John Mayer tweets his personality. Go to http://twitter.com/jOhnCmAYer and read, you’ll end up thinking you truly know him. Furthermore, on his blog he stood up for James Cameron, who called a fan an asshole
Mayer didn’t believe it was a fan, but an e-Bay whore. But the point is, Mayer took a stand. That’s how you grow your audience, by having a personality, just like them.
Will musicians ever become rock stars?
Not like the athletes. The athletes have got all the money and all the TV time. If you want to get rich and screw, start shooting hoops. And isn’t that fascinating, no one thinks they can play in the NBA without a wealth of court time, but people think they can succeed in the music game without paying their dues whatsoever.

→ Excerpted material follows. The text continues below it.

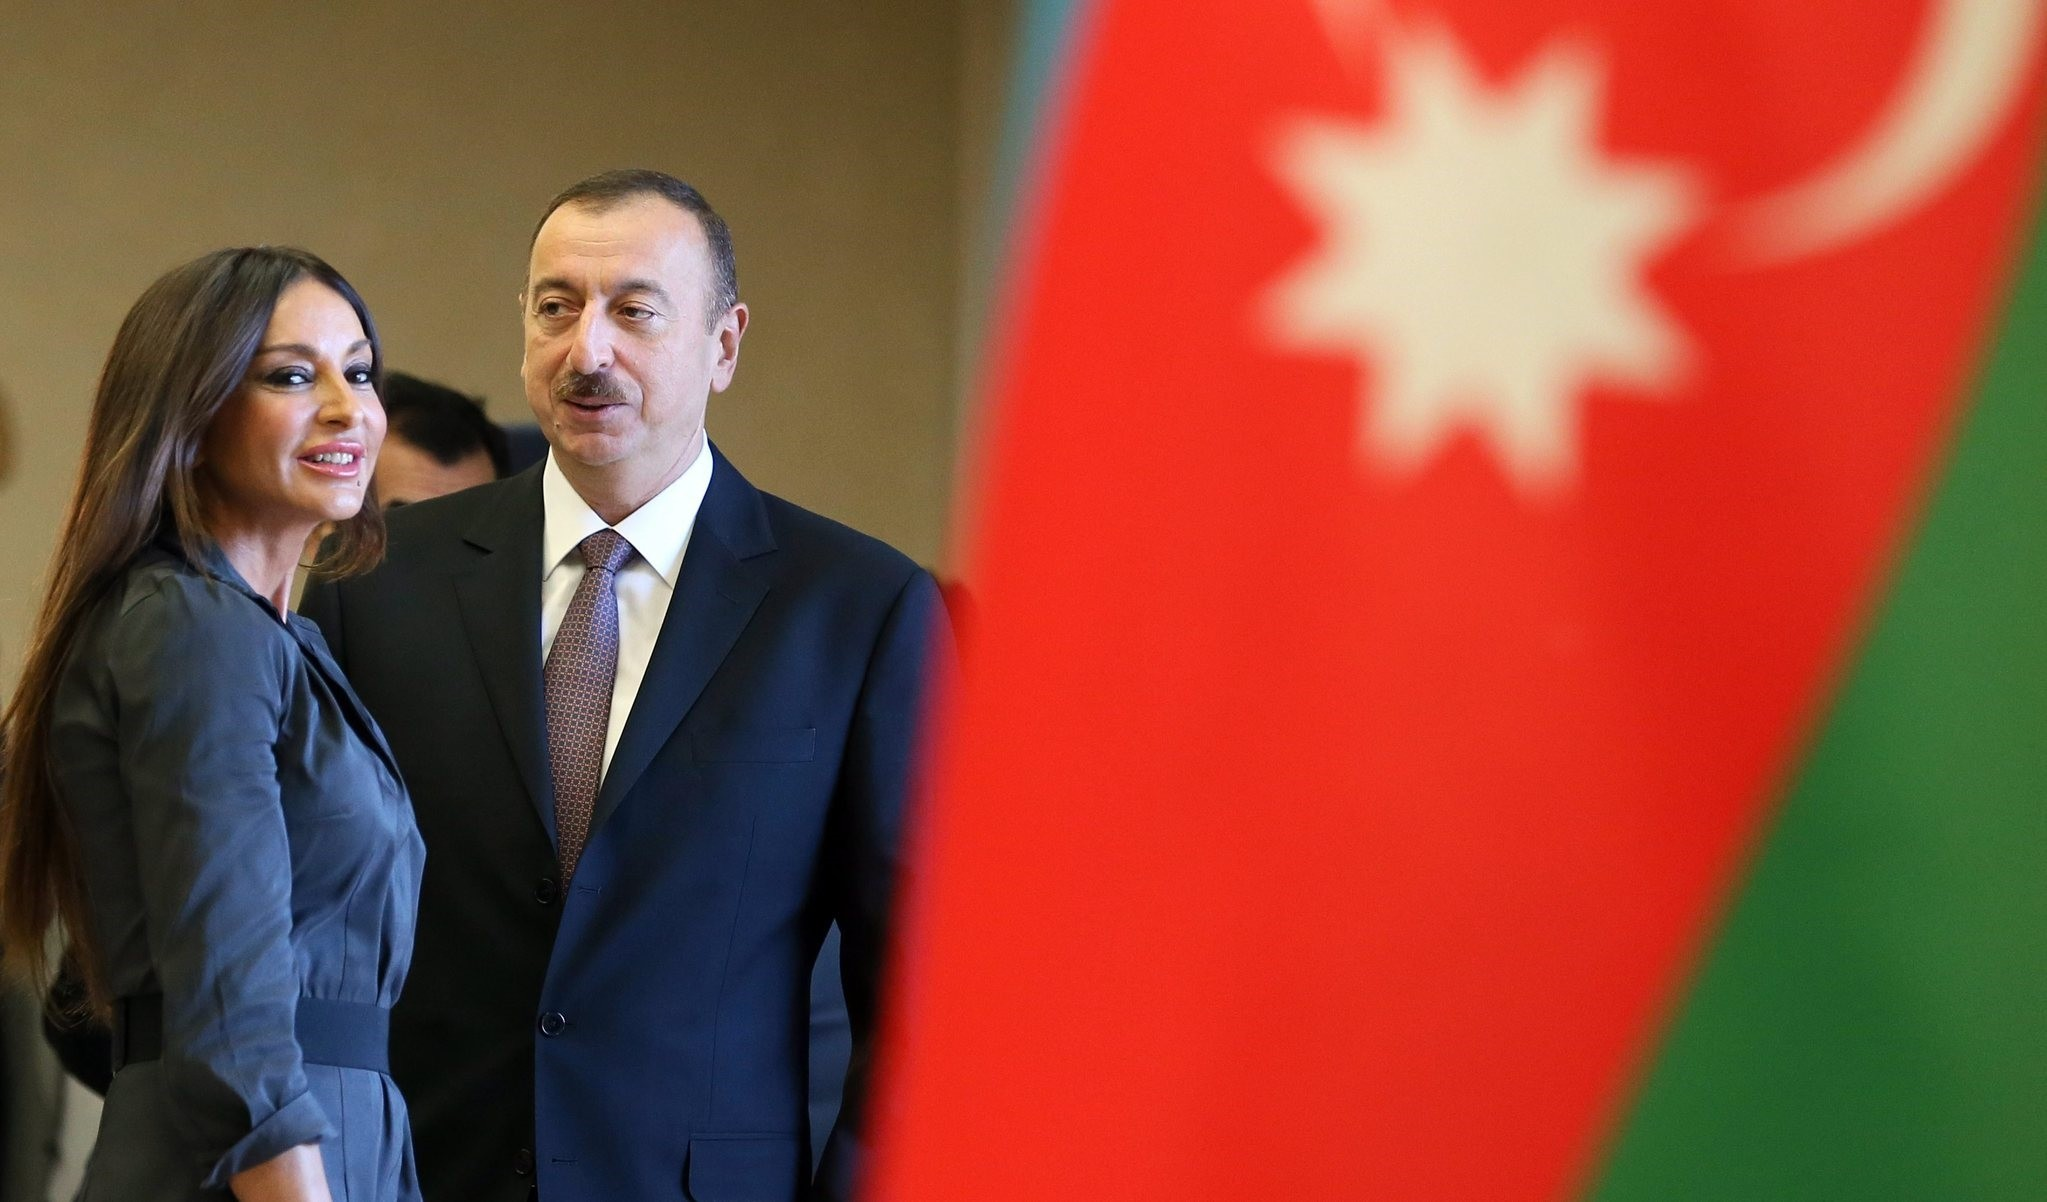 Azerbaijan's President Ilham Aliyev (C) looks at his wife Mehriban Aliyeva (L) as they pose for the media. (EPA Photo)

And athletes don’t succeed by revealing their inner lives, they make it via their robotic skills. The opposite of musicians. And did you ever think that whoring yourself out to corporations works for athletes but not musicians for this very reason? Because it’s not about who athletes are so much as how skilled they are at their sport?
In other words, if you’re pursuing the rock stardom that’s bandied about in public today, you’re pursuing artistic and commercial death. A "rock star" today is someone who’s winning in the commercial world, which is the opposite of art. A true rock star is beholden to nobody. Hell, these athletes play for a team, or their sponsors. Which is how the major labels killed music. Because you were playing for them instead of playing for yourself.
Sure, eventually new acts will grow and dominate. But the ascension will be very slow. The rocket to outer space paradigm of MTV is history. Shit, isn’t that the point of reality TV? Anybody can be famous for fifteen minutes?
You want to be famous for much longer than that.
Old thinkers will use the old tools. Radio and TV.
You’re not opposed to those, but you focus on a direct connection with your fan.
Do your friends abandon you willy-nilly?
Of course not.
Then again, you think twice before you screw a friend, before you cancel plans.
So put your fans first. Establish trust. And practice!
Because it begins and ends with the music.